Menurut Patricia, seorang bos perlu memisahkan hubungan profesional dan personal dengan karyawannya. Setiap karyawan mempunyai lingkup kerjamasing-masing dan wajib memenuhi Key Performance Indicator (KPI) yang sudah ditetapkan perusahaan. Indikator yang dinilai antara lain kompetensi (hardskill) dan softskill seperti kreativitas, komunikasi, kerja tim, dan lain sebagainya. “Jadi jangan sampai hubungan personal baik tapi orang tersebut tidak memenuhi tanggungjawab dalam pekerjaannya,” jelas Patricia.
Steve Wilson, pendiri Bankdash beranggapan, ketika seorang bos memiliki hubungan kerja yang positif dengan staf mereka, mereka jauh lebih sedikit stres. Wilson menawarkan beberapa saran untuk membangun hubungan ini. “Hindari menggurui, luangkan waktu untuk mengenal karyawan, menyemangati karyawan di saat-saat baik dan buruk, dan tetapkan tujuan dan akuntabilitas yang jelas untuk kinerja pekerjaan,” kata Wilson.
Meski menggunakan empati, namun bukan berarti seorang bos harus berteman baik dengan orang-orang yang ia pimpin. “Anda dapat belajar tentang mereka, bagaimana mereka bekerja, dan bagaimana cara terbaik untuk bekerja sama untuk mendapatkan hasil yang optimal dari setiap karyawan.”
Korelasi Bos Toksikdan Penyakit Jantung
Menurut penelitian McKinsey pada September 2021, salah satu faktor utama karyawan untuk berhenti kerja di tengah fenomena Great Attrition adalah karena mereka tidak merasa dihargai oleh manajer mereka.
Sebaliknya, karyawan yang memiliki hubungan baik dengan manajer melaporkan kepuasan kerja yang lebih tinggi secara signifikan dengan pekerjaan mereka. Di antara mereka yang mengatakan bahwa hubungan manajemen sangat baik, 74% menyatakan sepenuhnya puas dalam pekerjaan. Studi yang tak terhitung jumlahnya juga menunjukkan hubungan empiris antara kepuasan karyawan dan hasil bisnis seperti loyalitas pelanggan dan profitabilitas.
Memiliki bos yang toksik dan galak, hanya akan memicu stres, dan berpengaruh pada kesehatan fisik dan mental karyawannya. Sebuah penelitian di Karolinksa Institute (2009-2019) dengan responden 3.122 karyawan pria Swedia, menemukan fakta mereka yang bekerja untuk bos toksik 60% lebih mungkin menderita serangan jantung, stroke, atau kondisi jantung yang mengancam jiwa lainnya.
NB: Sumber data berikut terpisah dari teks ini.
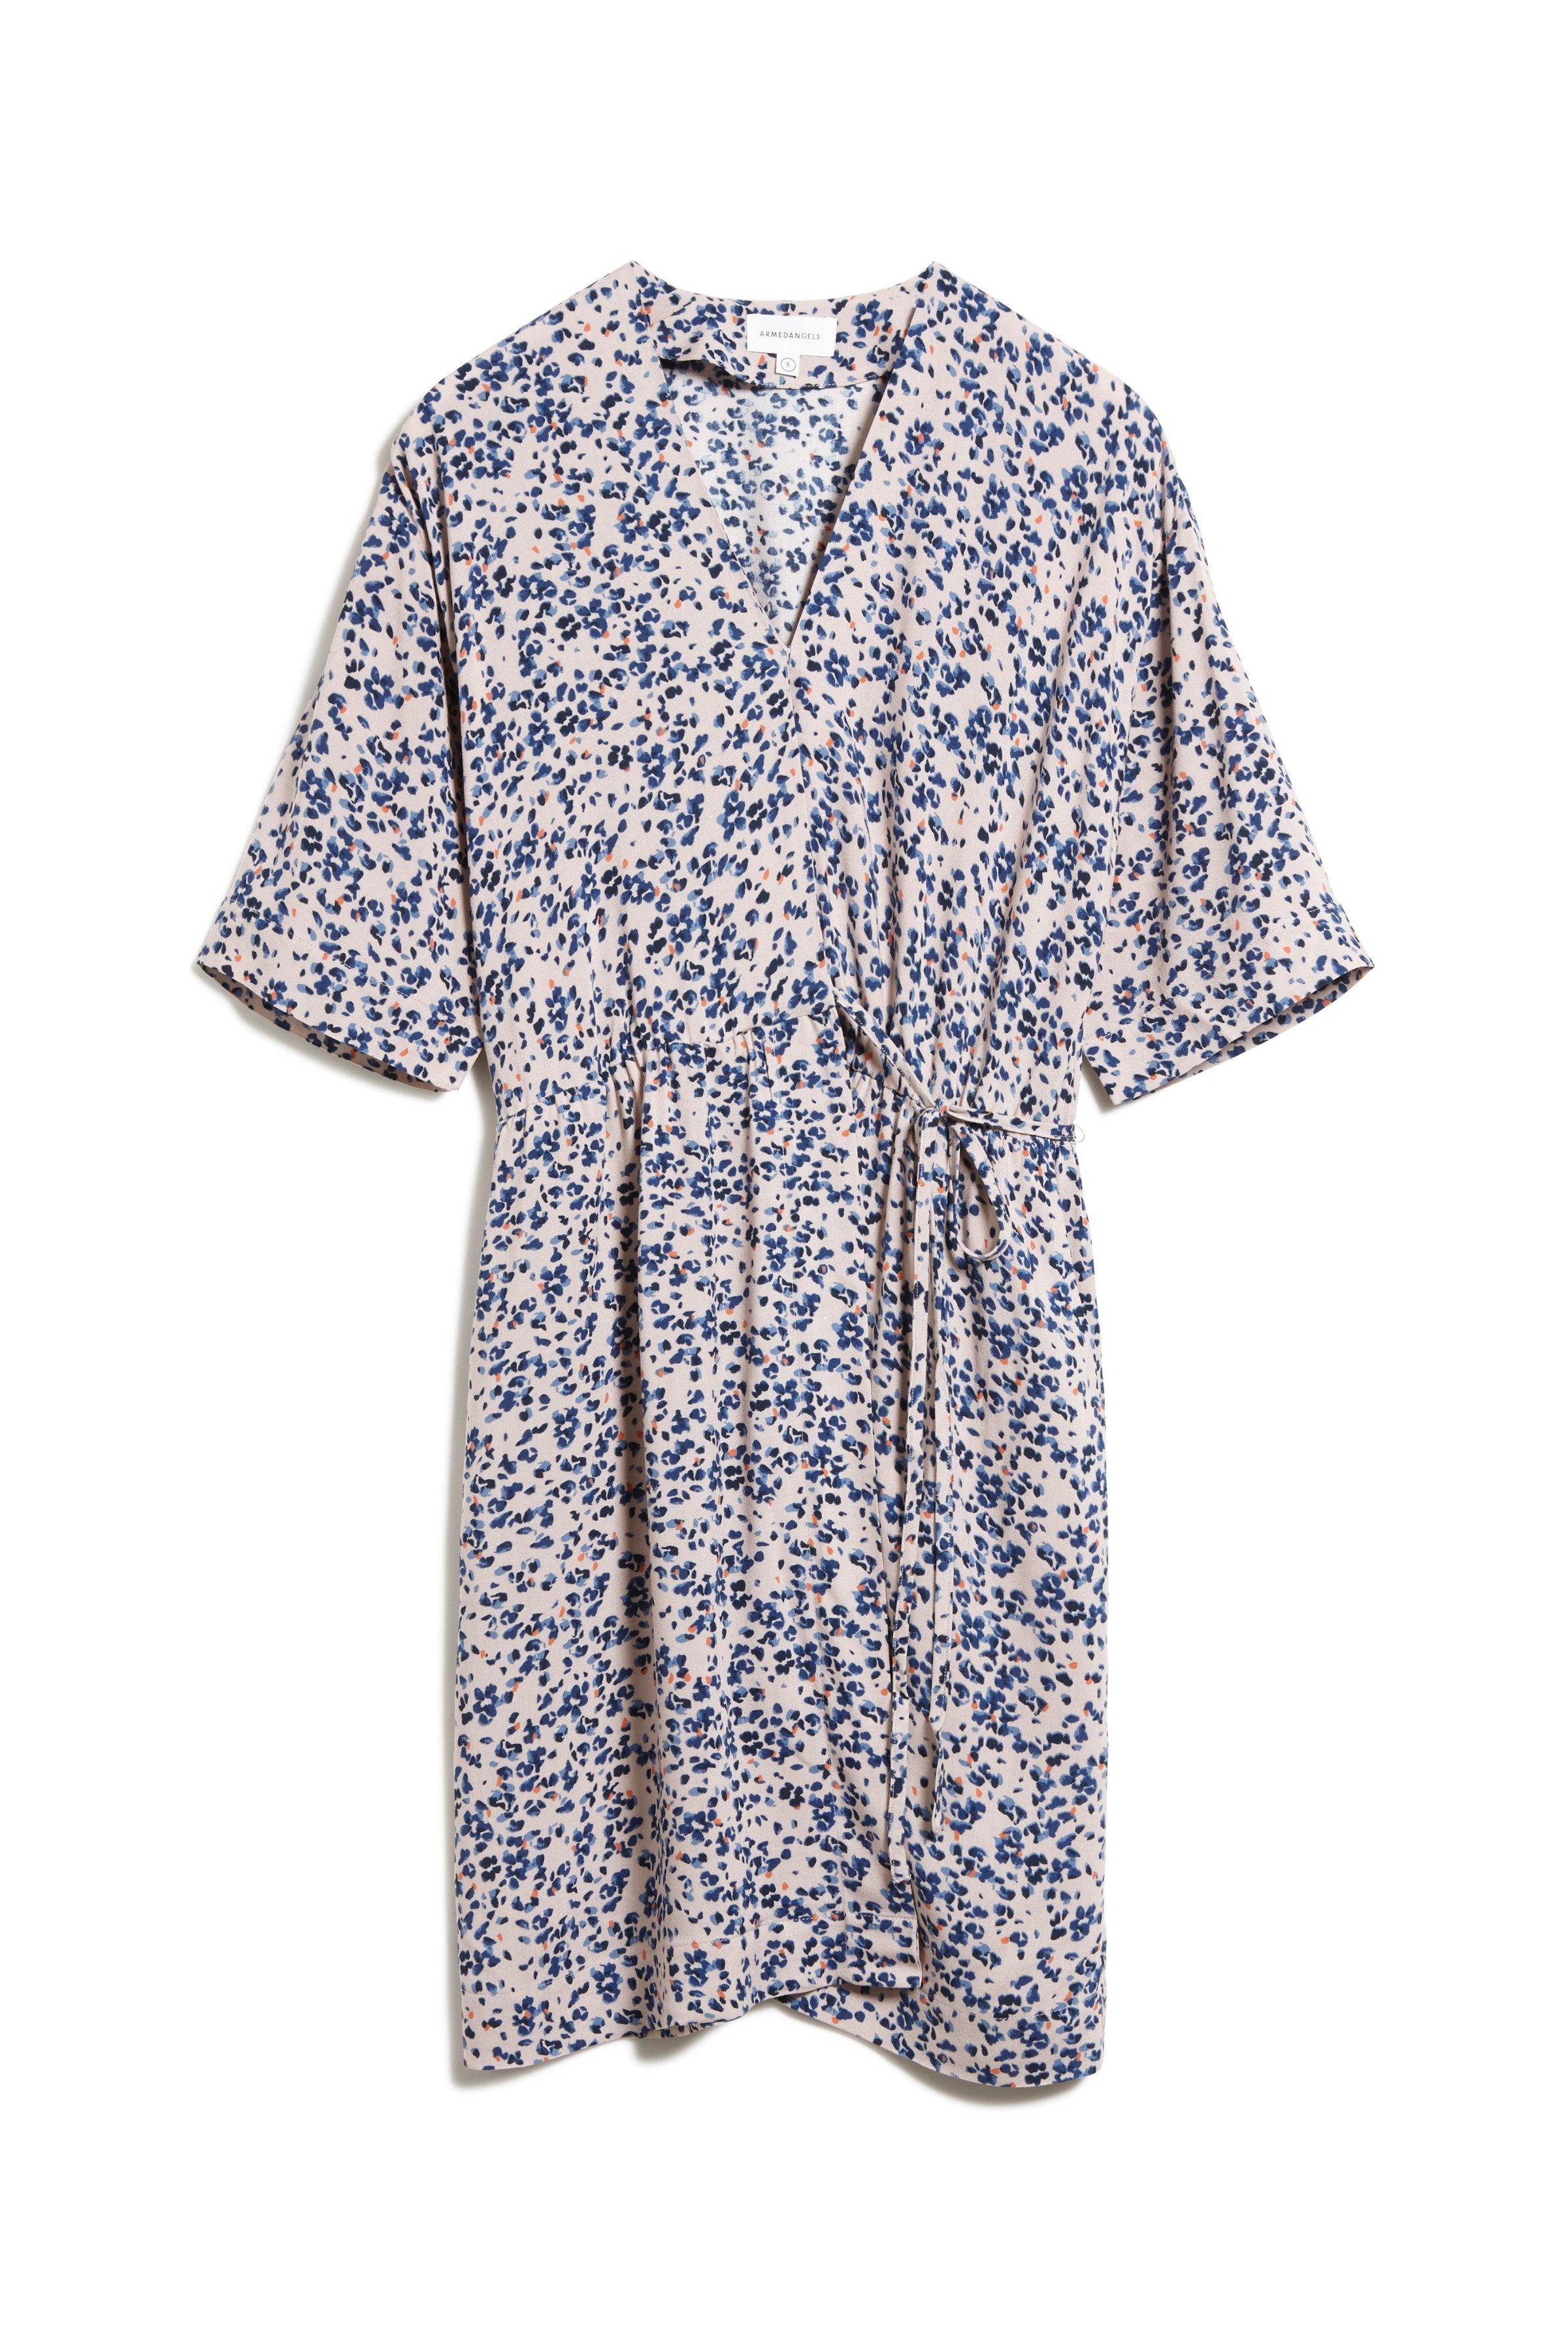 Kleid Rauhaa Flower Sprinkle Beige

Studi lain di Amerika Serikat menunjukkan bahwa orang dengan bos yang beracun lebih rentan terhadap stres kronis, depresi, dan kecemasan, yang semuanya meningkatkan risiko penurunan sistem kekebalan tubuh, pilek, stroke, dan bahkan serangan jantung. Beberapa penelitian menunjukkan bahwa mungkin diperlukan waktu hingga 22 bulan untuk pulih secara fisik dan emosional dari bos toksik.
Hasil yang serupa juga dipublikasikan oleh British Medical Journal. Mereka mengungkapkan bahwa karyawan yang tidak puas dengan kompensasi, pengakuan, dan peluang karir mereka memiliki BMI 0,6 lebih tinggi daripada mereka yang puas dengan penghargaan mereka. Ini setara dengan sekitar lima pon ekstra pada orang dengan tinggi rata-rata. Temuan yang lebih signifikan adalah pekerja yang mengalami ketidakpuasan kerja 2,4 kali lebih mungkin meninggal karena penyakit jantung.
Menjadi bos baik namun juga dihormati, menjadi pilihan terbaik, yang tidak hanya menyelamatkan karir atau bisnis, namun juga kesehatan.